Welcoming the Blockchain Association

Hopefully, you’ve seen that the Blockchain Association launched yesterday evening, and the Washington Post called it, “the first fully fledged lobbying group in Washington representing entrepreneurs and investors who are building off the technology behind bitcoin.” As the various articles reinforce, this is a pretty important step for the industry. We’re pleased to be inaugural members. You should read the Association’s launch post.

We’ve made our skepticism of certain crypto projects quite clear at Hangar. But we are decidedly not skeptical of the potential we see in transparent, distributed networks, and the innovative value of new regulatory and legal structures that must be implemented and enabled if these technologies are to exercise their full potential.

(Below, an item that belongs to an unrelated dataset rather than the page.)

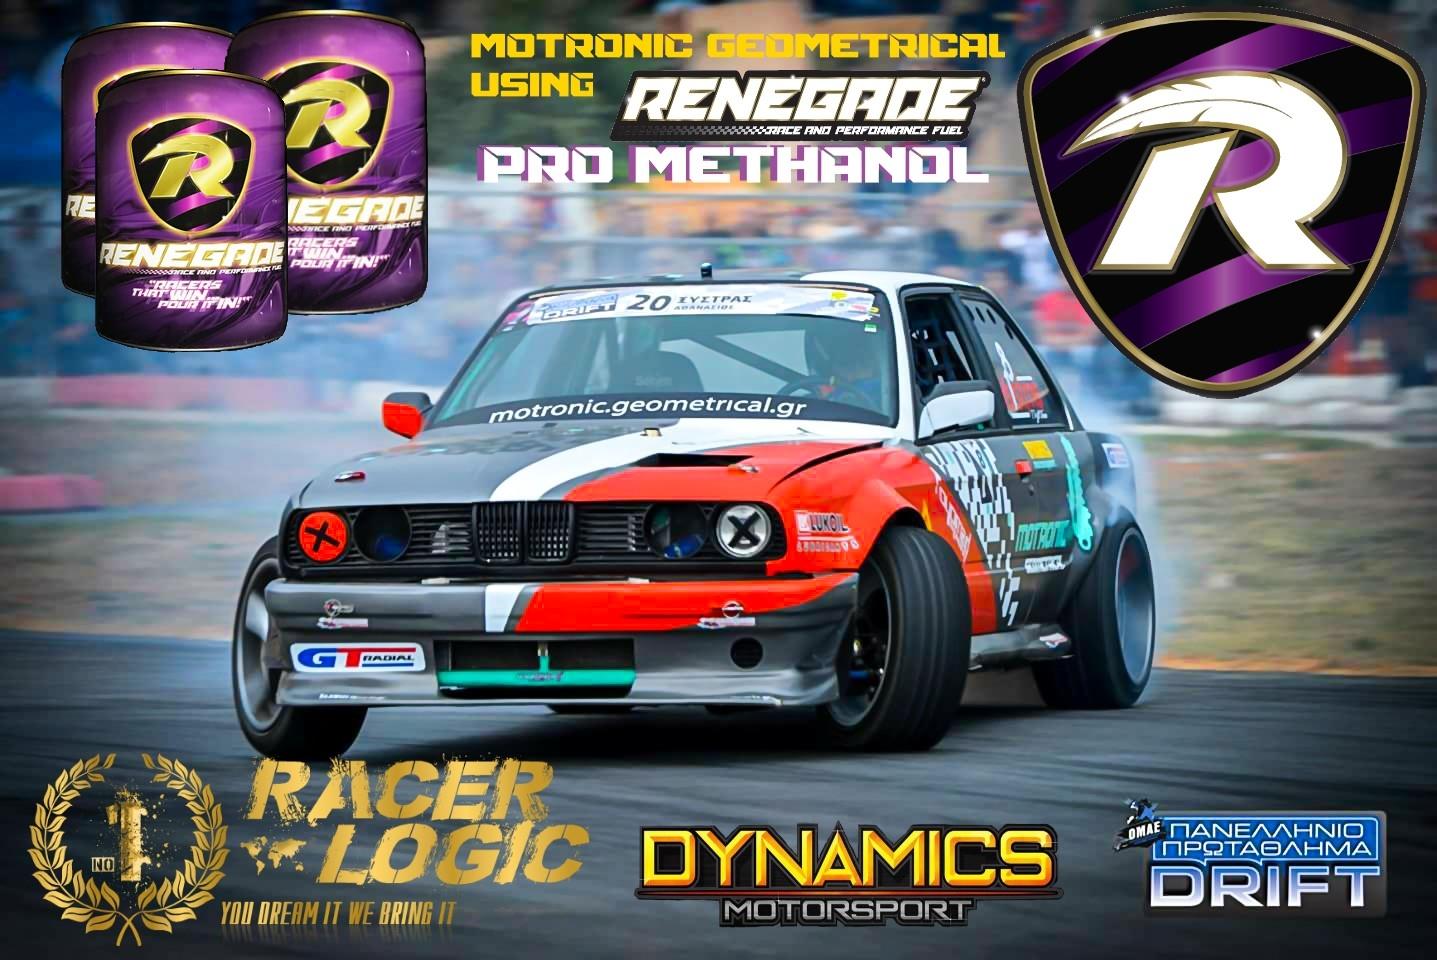 Sponsoring Drifting Pro Motronic Geometrical - Xystras

With our team’s understanding of policy and politics — and as veterans of the tech policy dramas and debates over the last 15 years — we felt firmly that the industry needed to take immediate steps to reinforce its ability to engage as a sophisticated partner to regulators and policymakers. Coin Center has done astounding work acting as a think tank and advocate for blockchain broadly. It also made it clear that it would be of great use to them to have a partner that unabashedly represents the industry. The previous lack of such an organization made the industry as a whole more vulnerable to misunderstanding and misinformation that resulted in legislation and rulemaking driven by fear instead of smart, thoughtful, forward-looking design. And so it was an easy decision to lend the Hangar team’s expertise building startups to help boot up the Blockchain Association.

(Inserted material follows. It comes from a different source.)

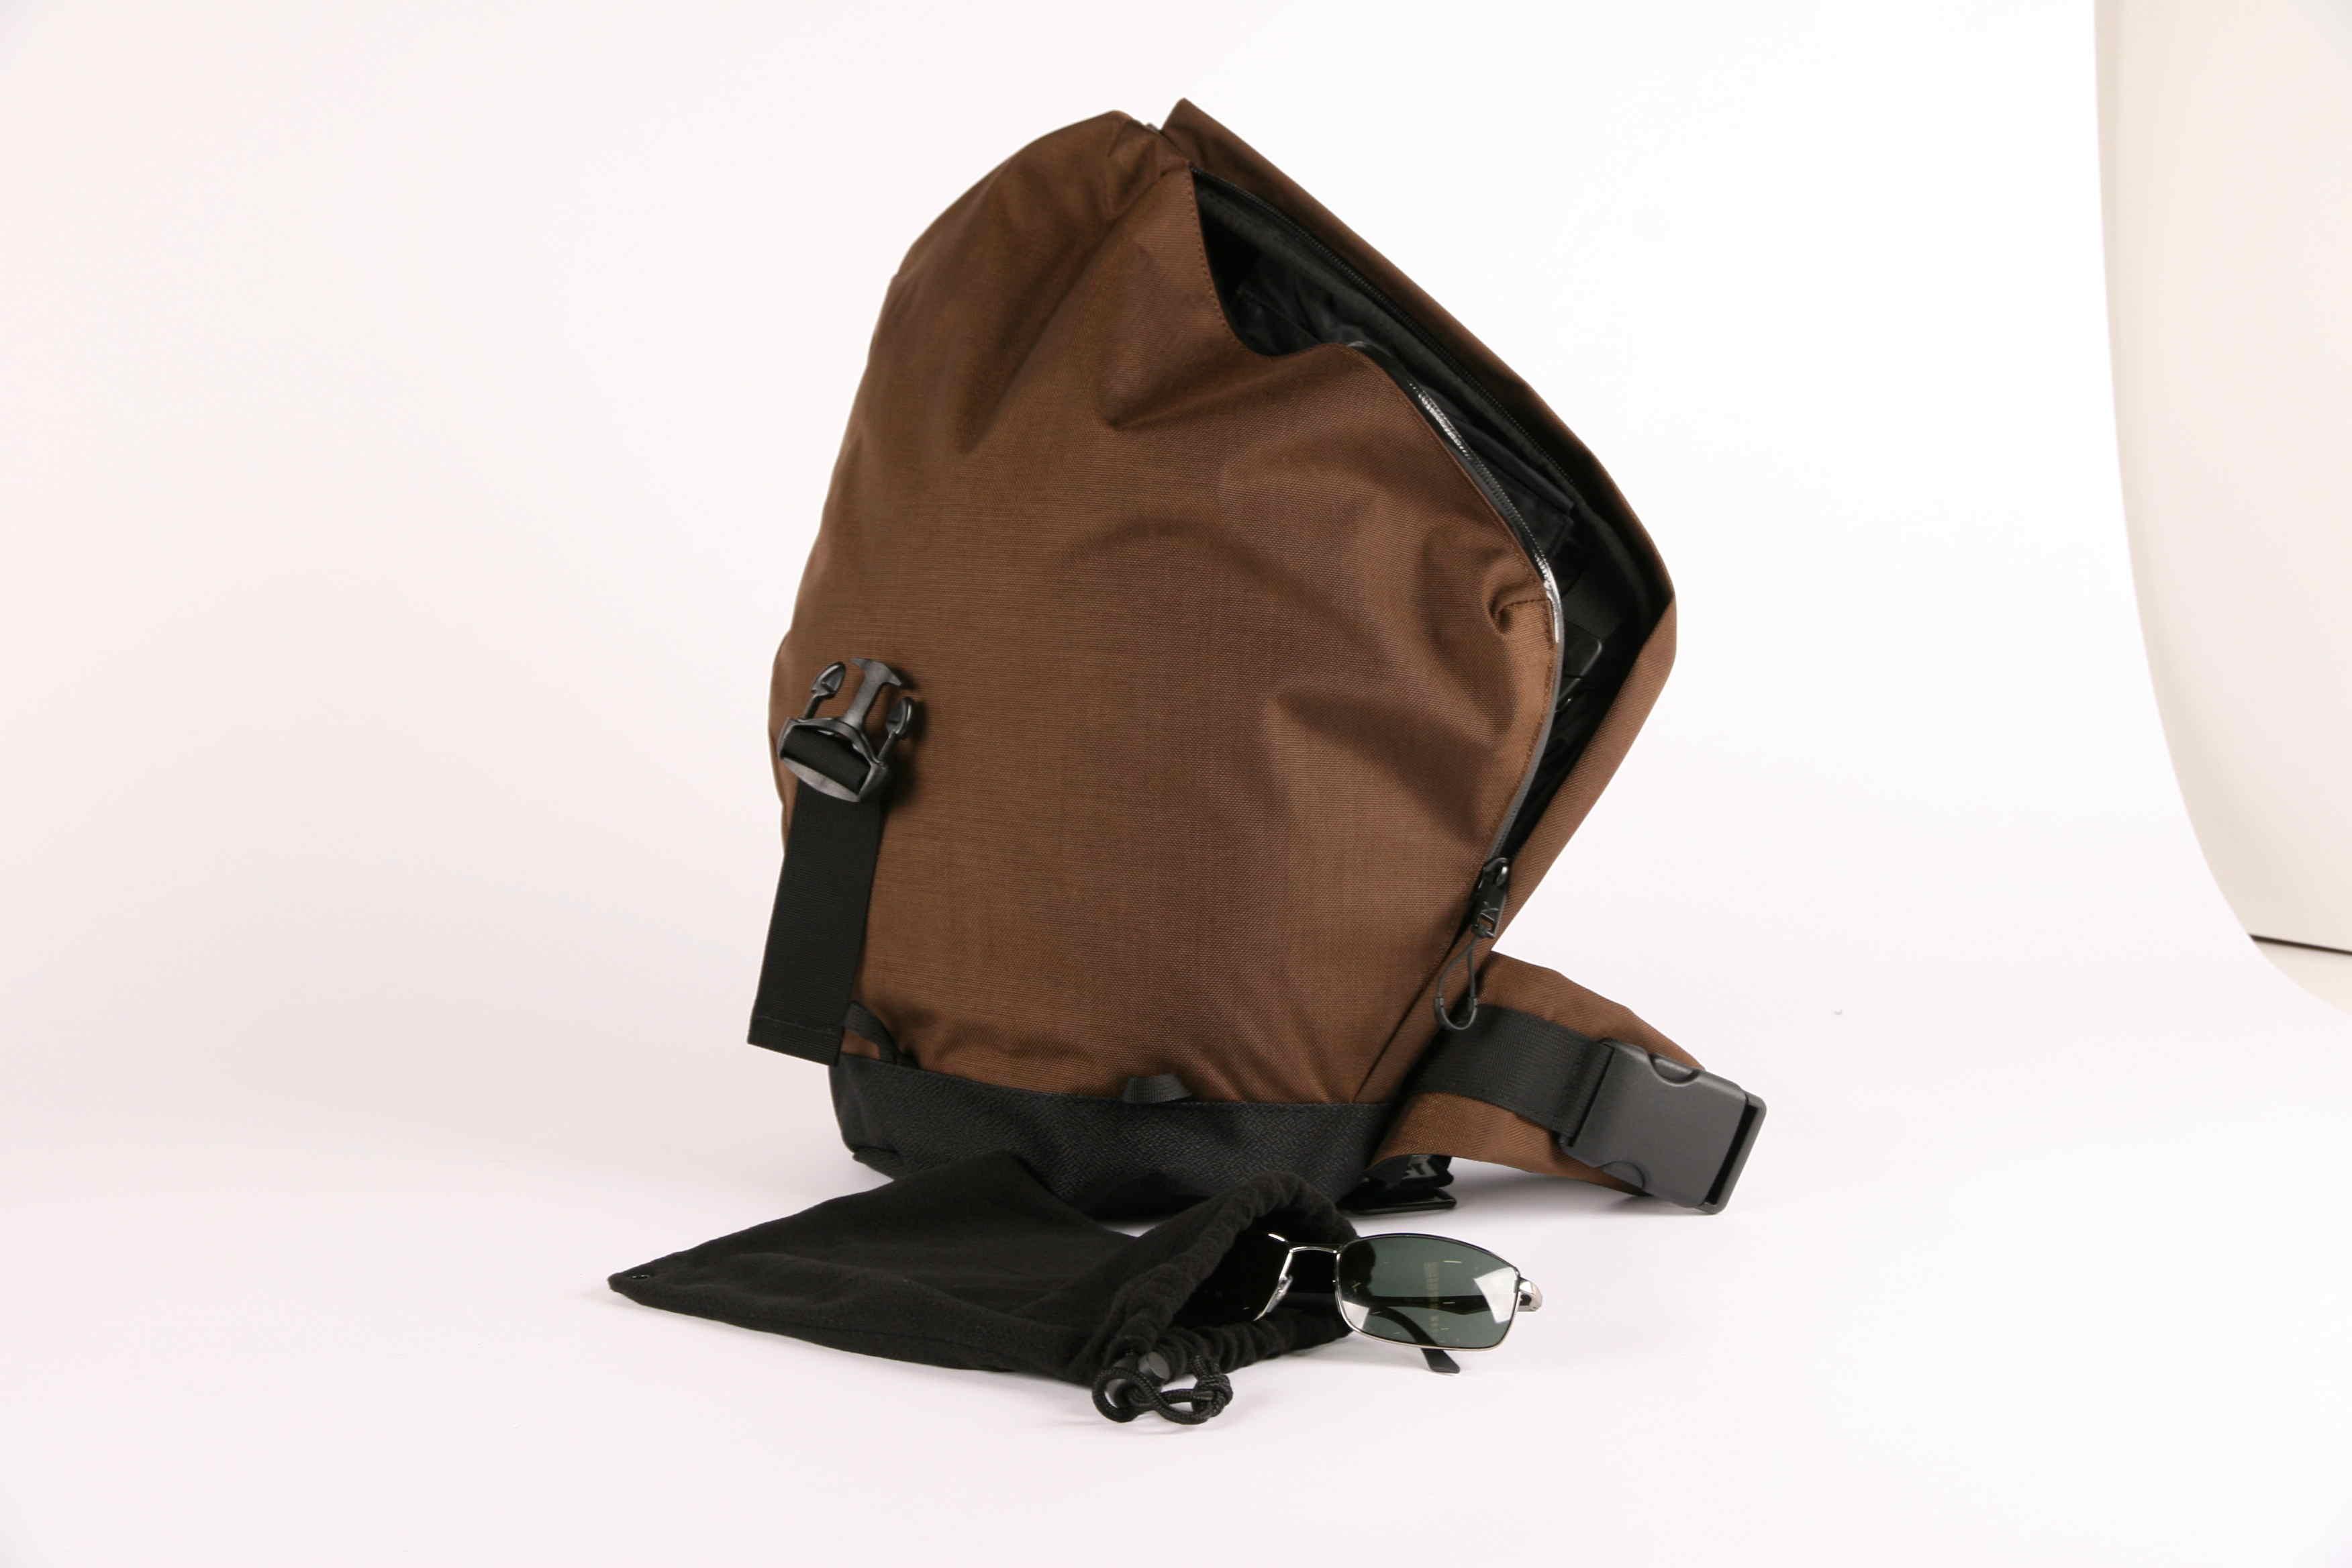 X-Over schuine rugzak sportsline wintersporst hoesje en tas

In the coming weeks and months, we’ll share more of the Hangar team’s thoughts on crypto, blockchain, policymaking in the industry, and so forth. But today is Blockchain Association’s day.

By bringing together the most thoughtful, reputable, engaged blockchain stakeholders to collectively advocate and educate, as the Blockchain Association is doing, we are making a commitment to work with government to get policy right, to work not just for the organizations that exist today, but those that will come. We think it’s exactly the right approach. As the launch post points out, the Association’s members won’t agree 100% of the time. But there is so much commonality (96%!) that the Association’s staff will have many lifetimes of work to do.

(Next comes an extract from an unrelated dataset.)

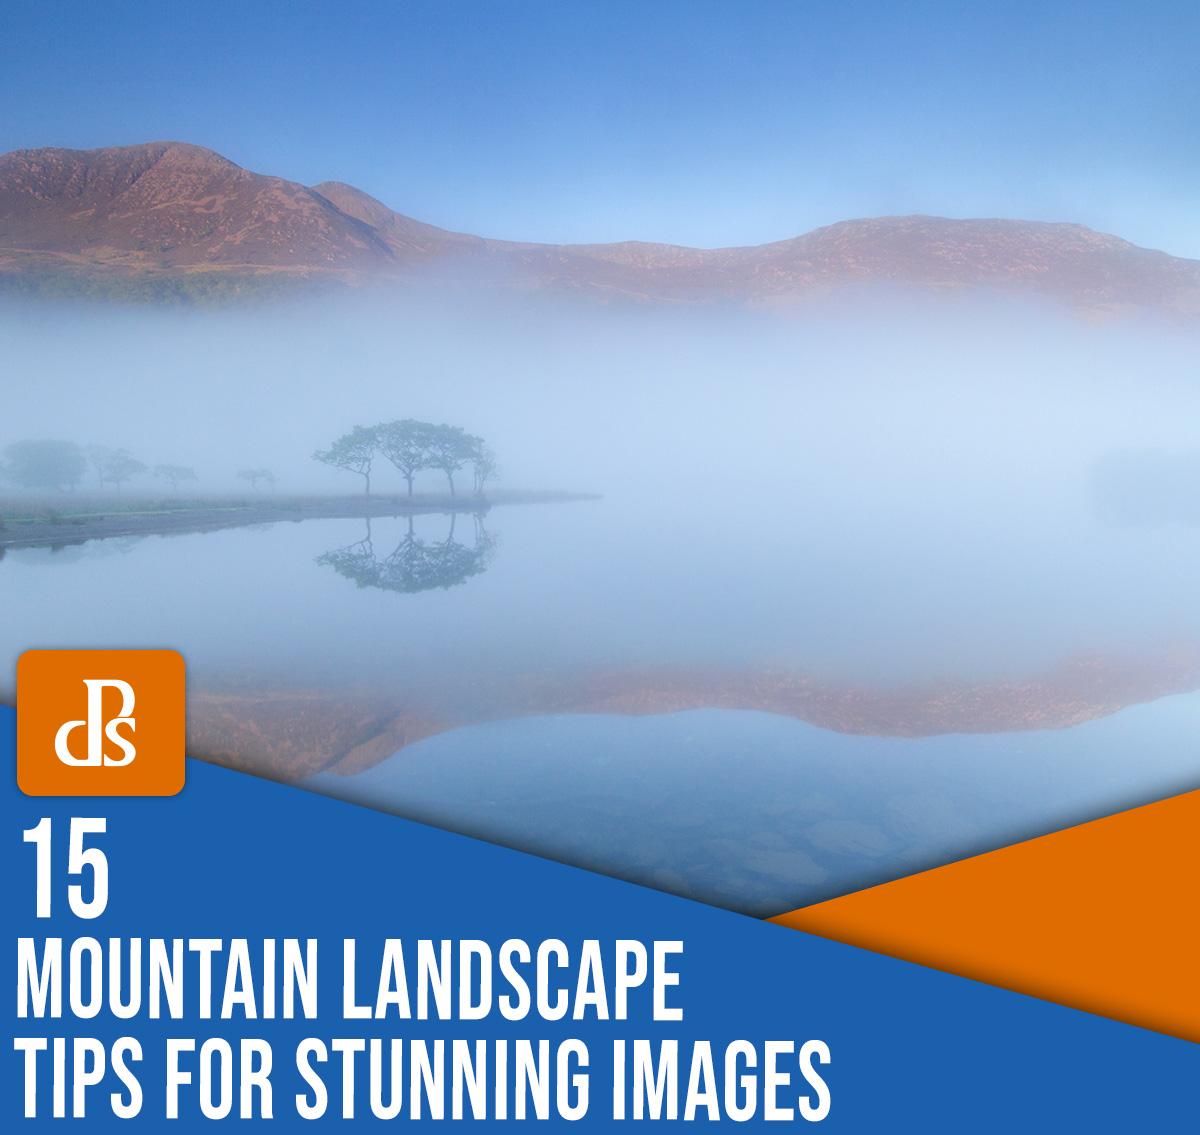 https://i2.wp.com/digital-photography-school.com/wp-content/uploads/2021/04/mountain-landscape-photography-1001.jpg?resize=1200%2C1135&ssl=1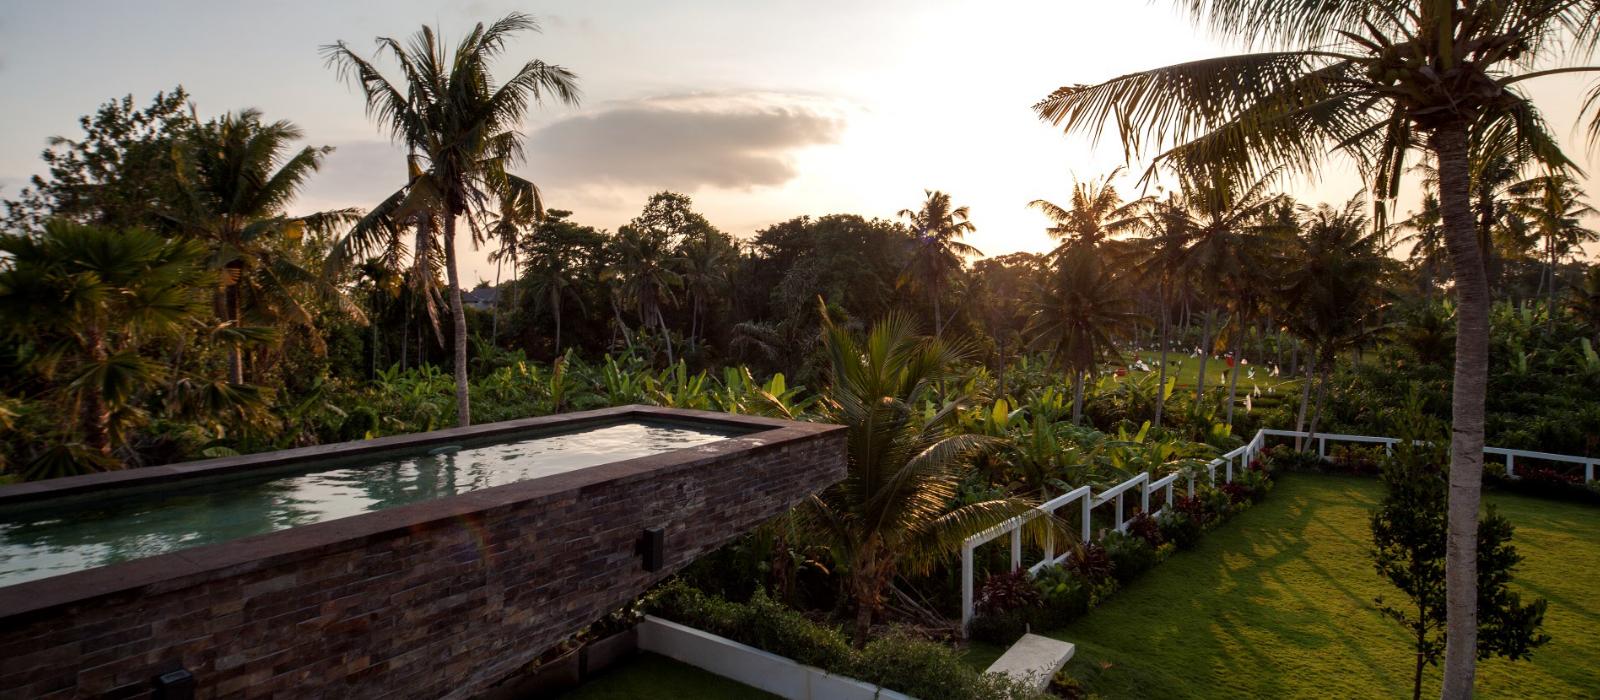 Villa suami luxury villa canggu pool hanging

If you operate a company, project, or effort of any sort in the blockchain space, consider joining the Association. The associate membership tier is intended for nascent efforts, allowing the Association to truly represent the ecosystem at its fullest.

We’re grateful to all the members who joined Blockchain Association and all those who will join. We’re grateful to call you a fellow member and a partner. The Blockchain Association launch post has many thank yous at the bottom, and those are all accurate and then some.